Most rhabdomyosarcomas are diagnosed after a person develops symptoms. These may include:
- a lump that can be seen or felt – it may or may not be painful
- bleeding from the nose, vagina, rectum or throat, if the tumour is in these areas
- tingling, numbness, pain and loss of movement, if the tumour presses on nerves in the area
Source: Macmillan Cancer Support
Since being diagnosed, Daisy has gone through over 20 cycles of chemotherapy, 50 sessions of radiotherapy and numerous operations to try to stabilise the disease.
However, after two years of treatments, she has now revealed that her body has stopped responding to the few drugs available for Sarcoma on the NHS.
Tumours are still growing, and the cancer is still aggressively spreading to more vital organs such as Daisy’s liver and pancreas. It has also spread to her hips, and other debilitating areas.
She said: ‘This means my quality of life is very poor as I struggle to walk and my body is exhausted from all the treatment.’

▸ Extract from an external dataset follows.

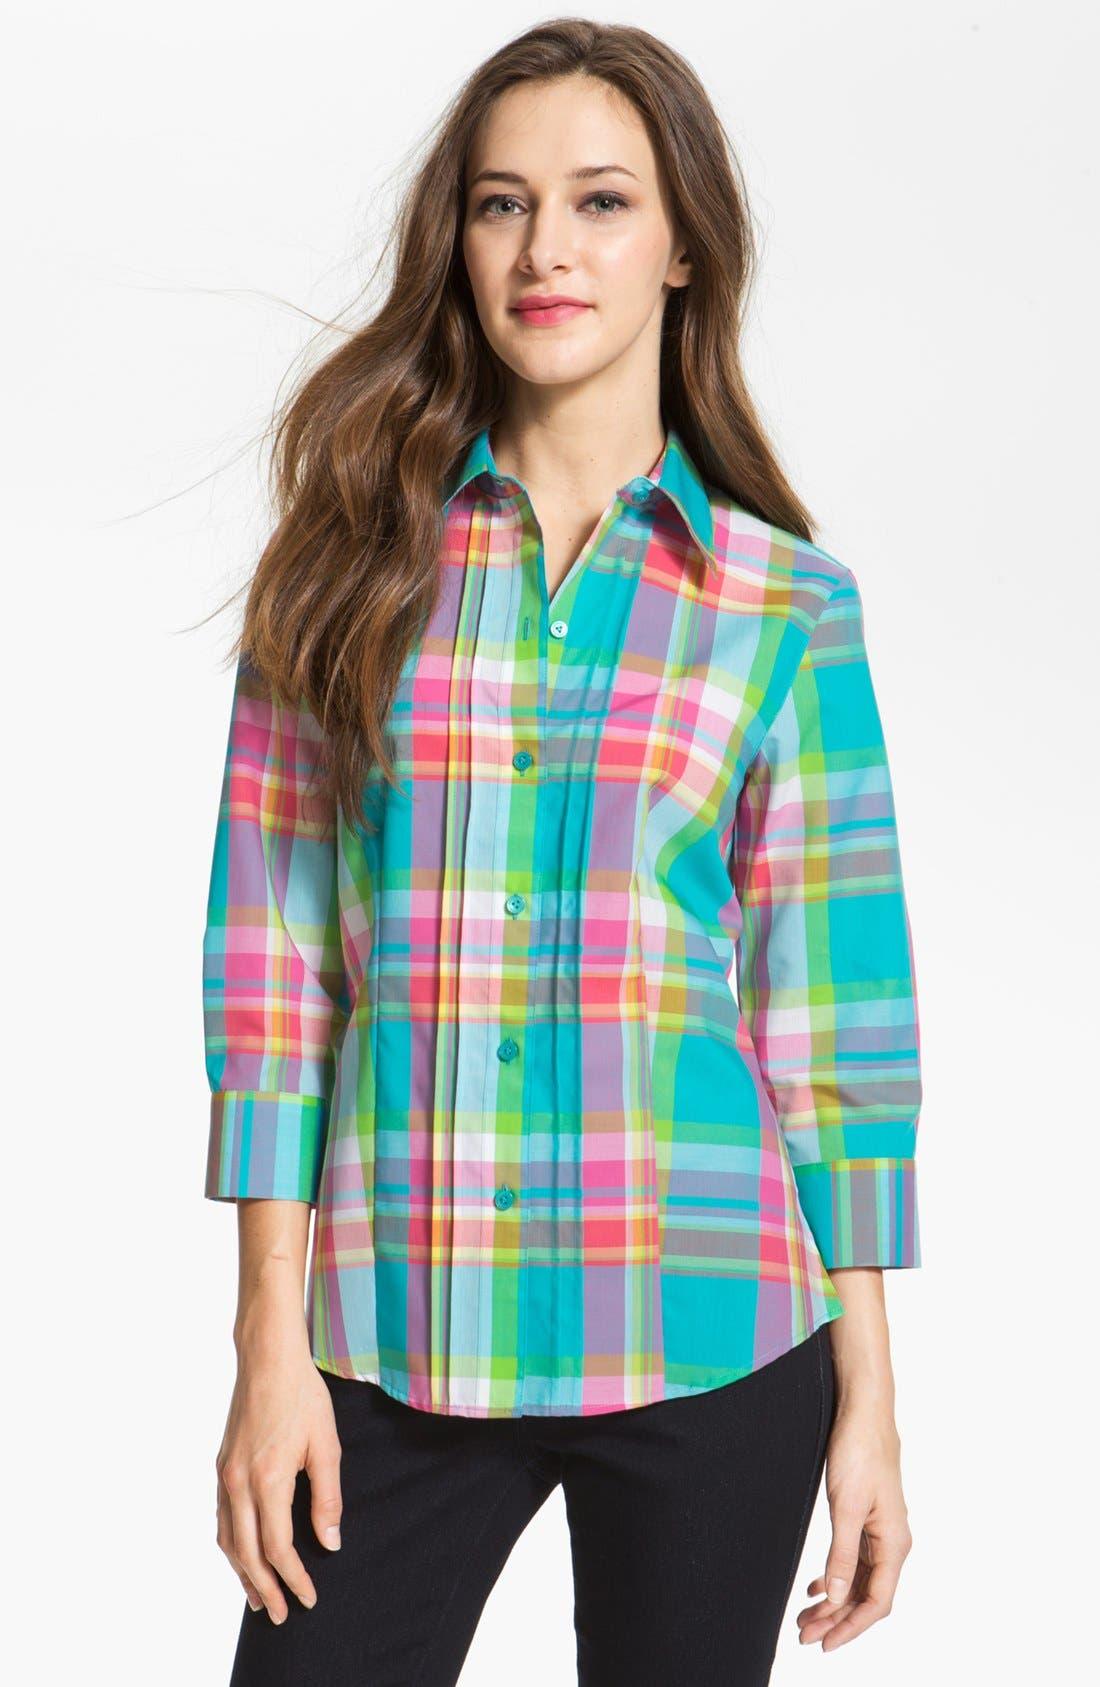 Alternate Image 1 Selected - Foxcroft Three Quarter Sleeve Plaid Shirt (Petite)

Daisy says the disease has spread to her vital organs including her liver and pancreas, as well as her hips and other areas (pictured in hospital in May)
Desperate to find a solution, she said her family spent endless hours and ‘many late nights’ researching to try to find a cure.
She explained: ‘We have found that the USA have a trial drug available, which works alongside my current chemotherapy, to try and slow the spread of my aggressive disease down.’
But sadly, due to Daisy’s current chemotherapy and her general health, she is not well enough to fly to America to be part of the trial.
The blogger says she has now exhausted all options on the NHS and called private treatment her ‘last hope’ (pictured in May, celebrating her birthday two years after diagnosis)
She has now launched a GoFundMe page to fundraise £300,000, which she hopes would fund possible targeted therapy and immunotherapy drugs privately in the UK or possibly abroad.
She said: ‘I am so grateful for the NHS. It has made me realise how incredibly lucky we are to have free healthcare, as I am now needing to fundraise enough money for possible targeted therapy and immunotherapy drugs which aren’t available on the NHS.’
Calling the fundraising effort her last hope, she continued: ‘As a family we have never wanted to ask for money, however we have no choice as the potential extra costs are thousands of pounds a month.’
The 23 year old has been fighting a rare and aggressive cancer called Alveolar Rhabdomyosarcoma for two years, but has now exhausted all options on the NHS (pictured in July, wearing a wig)
Since launching the fundraising page just days ago, Daisy has raised over £40,000 with thousands of people donating to the cause.
She bravely said that should she not be well enough to have more treatment, any funds would go to Sarcoma UK.
She added that she hoped it would ‘help prevent anybody else going through half of what I have’.